> [Listed entries]
+ + +

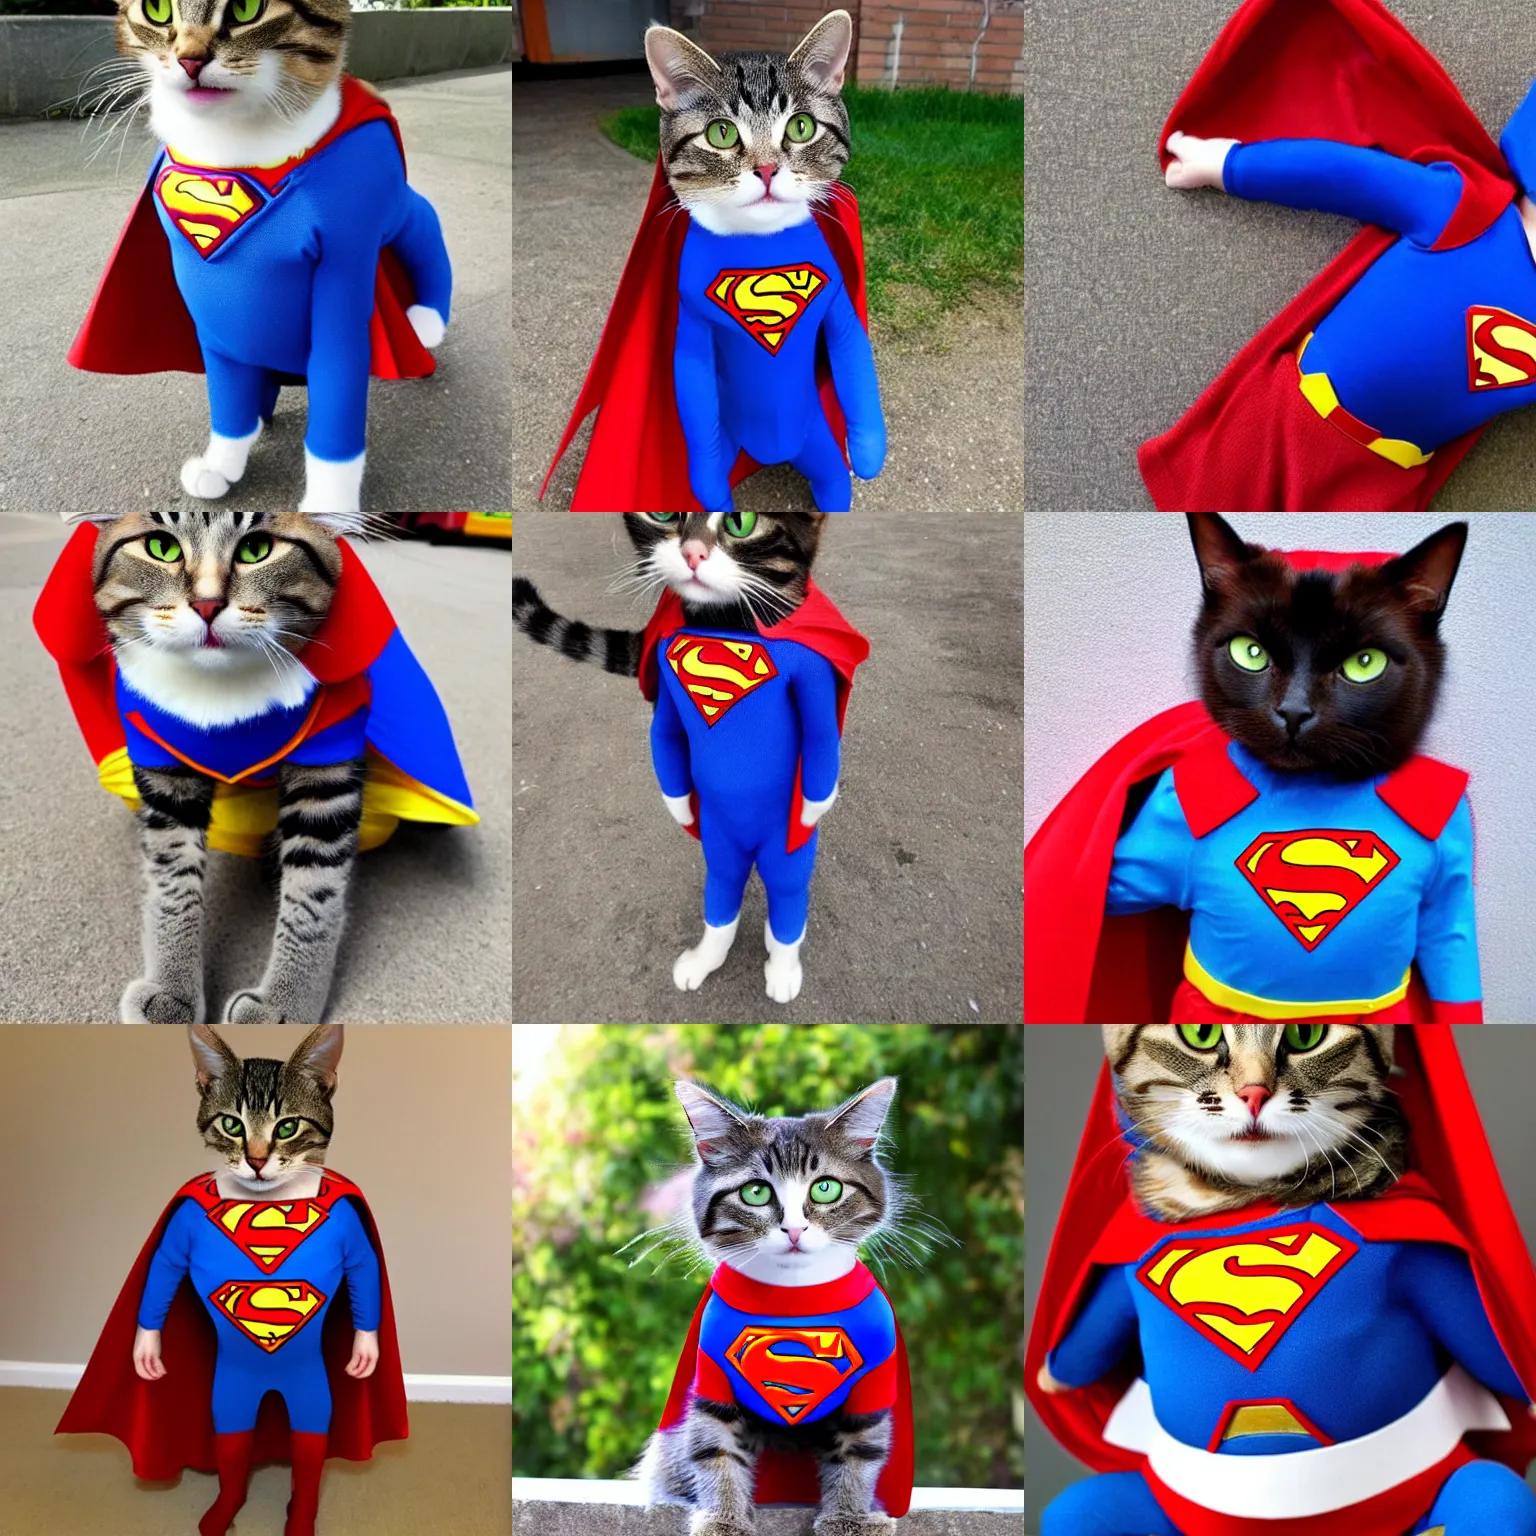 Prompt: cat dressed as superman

+ + +

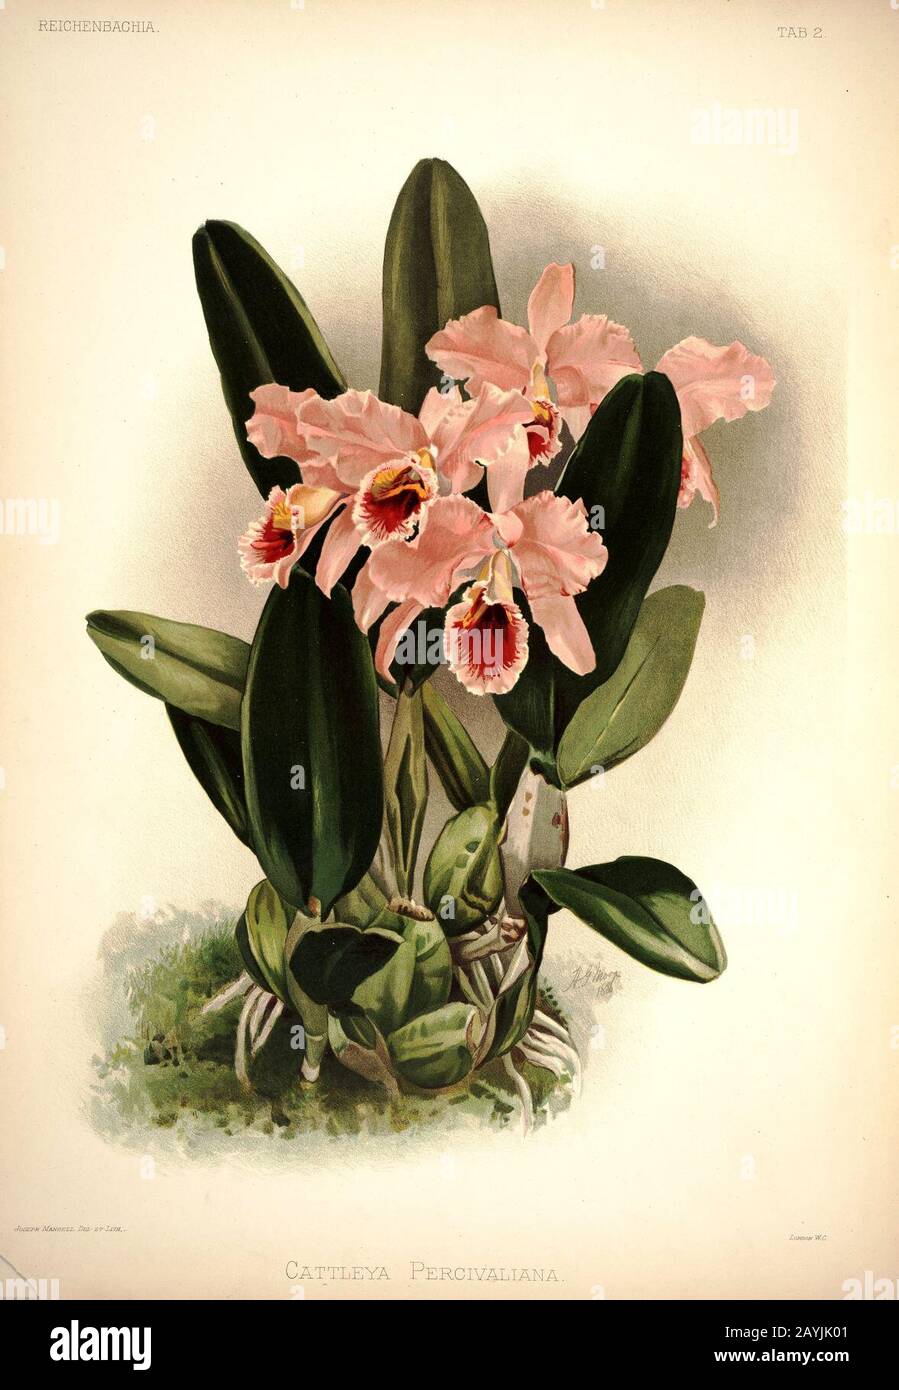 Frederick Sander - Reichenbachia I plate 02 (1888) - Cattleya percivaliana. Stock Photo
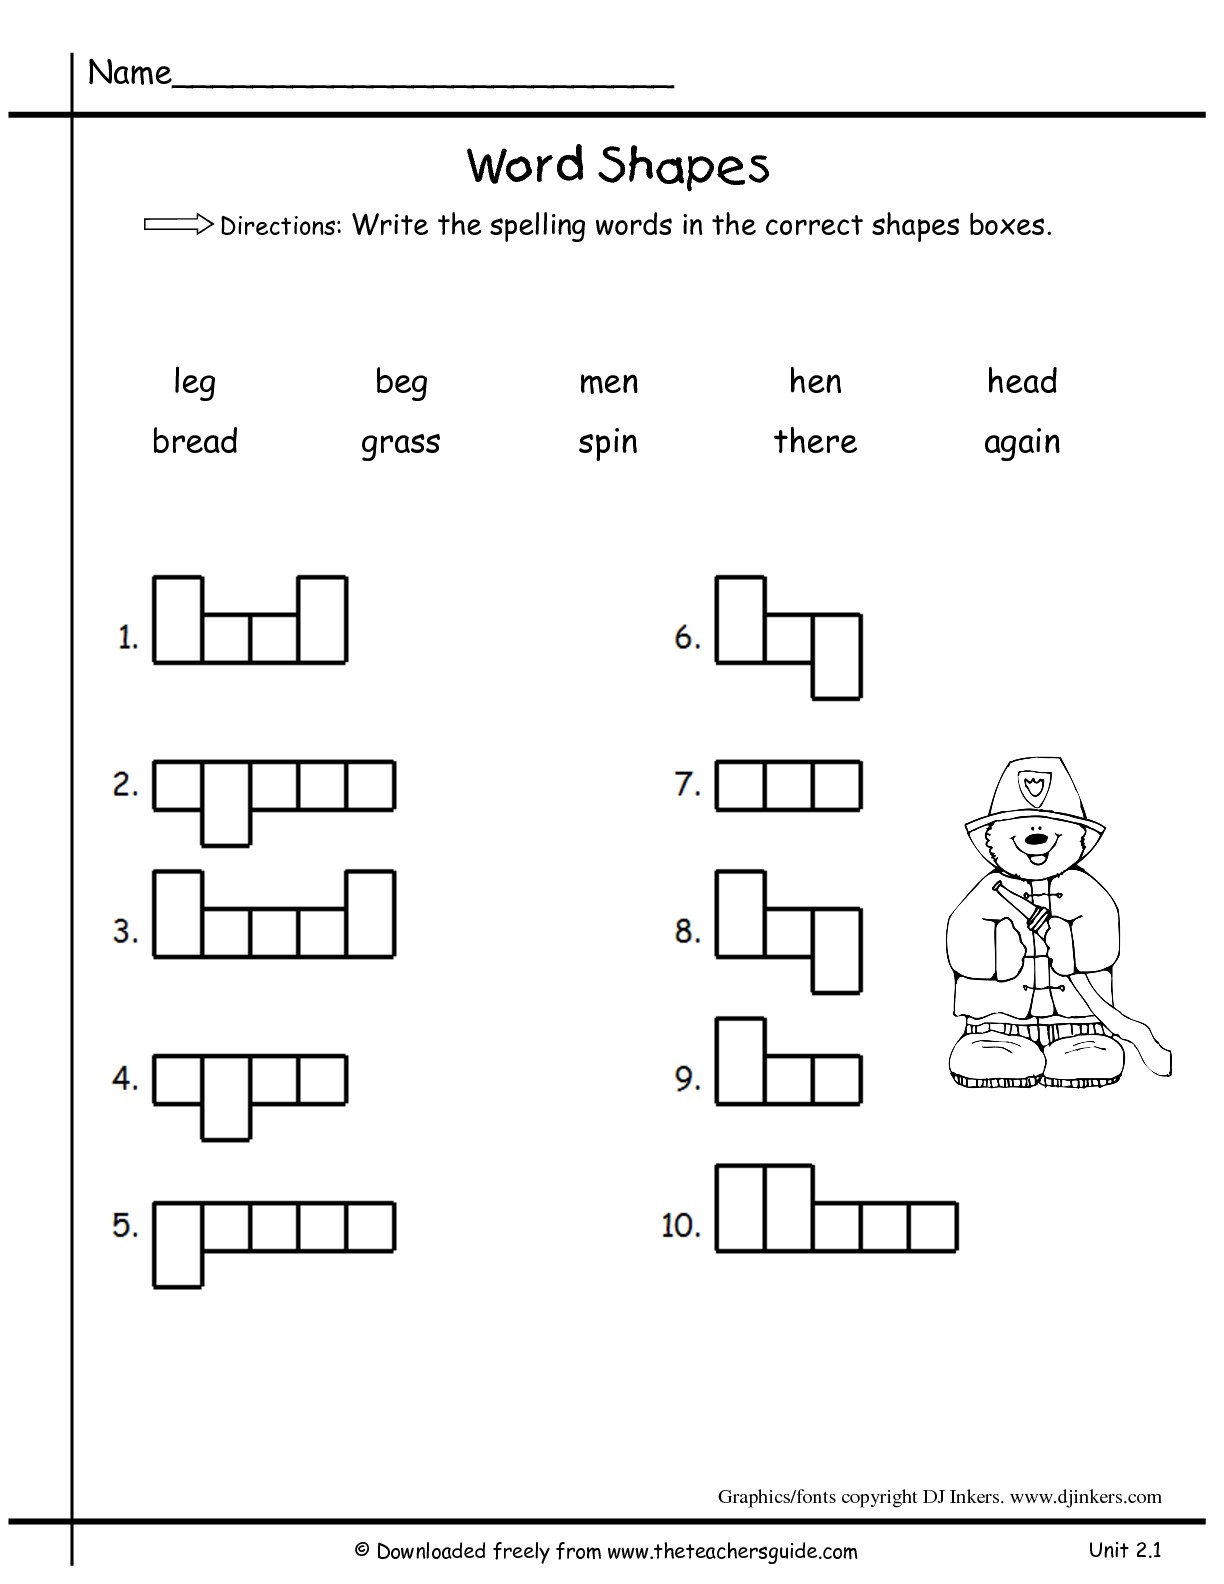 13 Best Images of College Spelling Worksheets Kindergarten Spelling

+ + +

Could you repeat, exactly, only the lines above starting at the one that has "Frederick Sander - Reichenbachia" and stopping after the one that has "13 Best Images", without the pictures?

 Frederick Sander - Reichenbachia I plate 02 (1888) - Cattleya percivaliana. Stock Photo
 13 Best Images of College Spelling Worksheets Kindergarten Spelling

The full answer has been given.